Have you heard that your work and your impartiality as a speaker have been questioned by the Spanish?
— Obviously no one is perfect and there are things I could’ve done better, but I have a good relationship with my Spanish and Catalan colleagues. We’ve had heated, highly emotional debates. Now, from a personal point of view, I’m nothing if not satisfied. The debate took place in a professional atmosphere. It’s been tough, but mutual respect prevailed. If anyone has questioned my professional reputation and independence, I’m not aware of it. If someone makes serious accusations against the rapporteur, they need to back them up with evidence, and it seems to me that no one can find any. I know that I’ve been accused of something or other in the Spanish media a few times, but that’s political life for you. I’m used to it. It’s been hard, emotional, sometimes disappointing.

—You refer to CatalanGate in the report, the recent phone-hacking scandal by Spain’s intelligence services, mainly against leaders of the Catalan independence movement. Do you think that this shows that even with the Socialists in government, Spain continues to approach the Catalan issue as though it were an existential emergency?
—This report is meant as a follow-up, so I haven’t had the opportunity to learn more about the matter in order to draw any conclusions. Spain isn’t a unique case, and the Council of Europe has commissioned a special report on the Pegasus case and its implications in a number of countries. The volume of information on this topic is huge and it involves a lot of work, so I haven’t added anything else on this issue.

—Let me put it another way. Did you think that a year ago the pardons were the beginning of a new path and that now it looks like this isn’t the case?

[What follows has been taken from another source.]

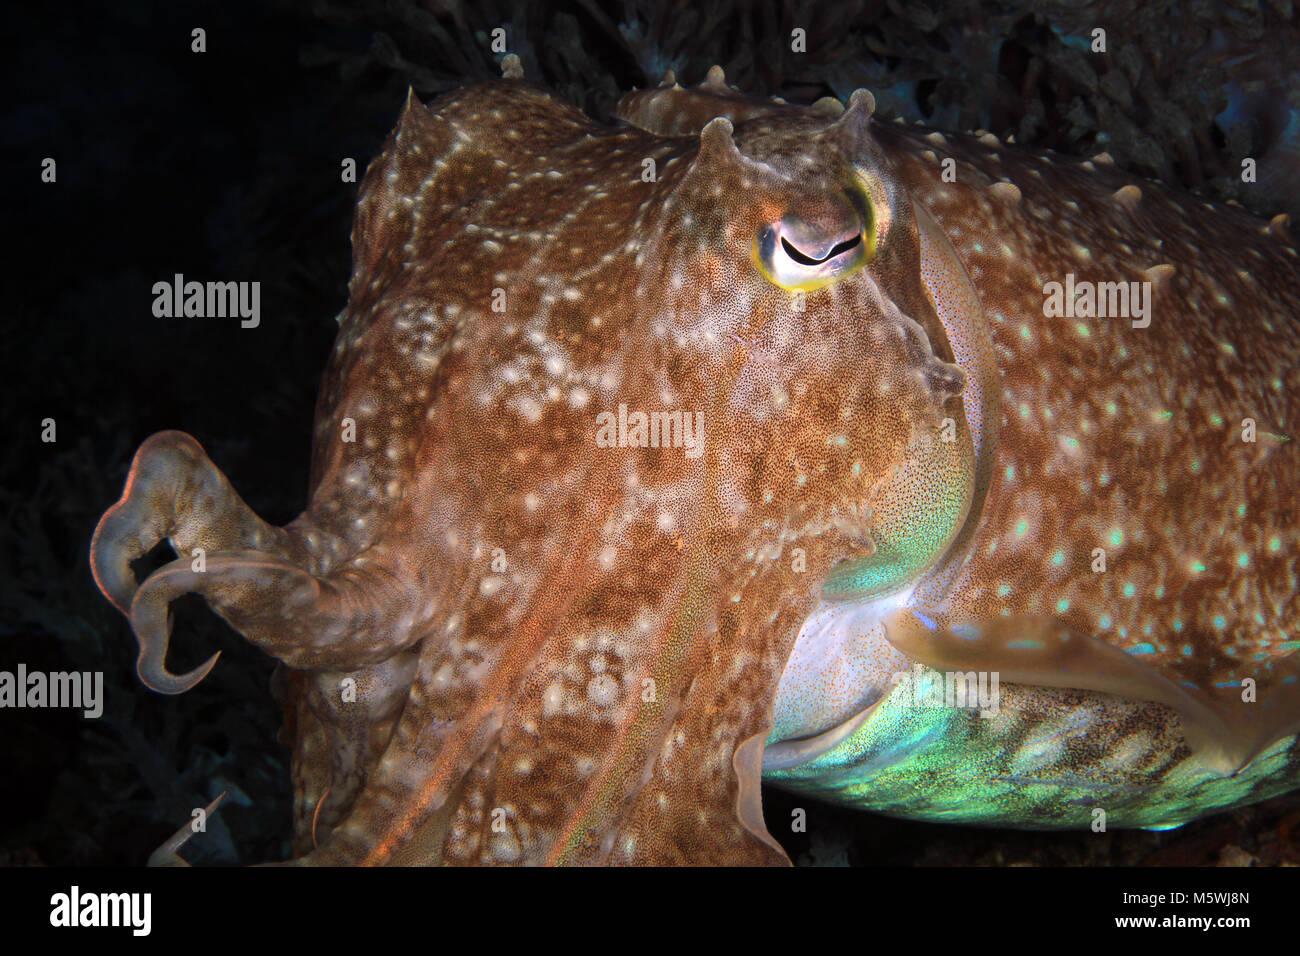 Close-up of a Broadclub Cuttlefish (Sepia latimanus). Anilao, Philippines - Stock Image

—I’d say that’s an overly-simplistic conclusion. The situation is more complex. Reaching a reasonable compromise is a complex process that has many components, and I don’t think it can be described in terms of black or white. When the report was published a year ago, the most important thing was that there were people who had been deprived of their liberty and now they are no longer in prison. One person unjustifiably deprived of their liberty is one too many. And that’s no longer the case, which means significant progress has been made. And while in some respects we can see that progress has been made, in others, unfortunately, it’s not the case. But it’s a process. Democracy is a process. The main thing is to ensure that the most basic human rights aren’t violated. Everything can be debated, but I see that this dialogue is ongoing, even in the face of serious difficulties, which is understandable. I can only hope that this dialogue will bear fruit sooner or later. Because, ultimately, all decisions will be in the hands of the people, in Madrid and in Barcelona. We can only provide advice as to general European values, but the whole idea of democracy is that people have to decide for themselves. And I think that Spanish democracy is sufficiently mature to tackle a thorny issue such as this one.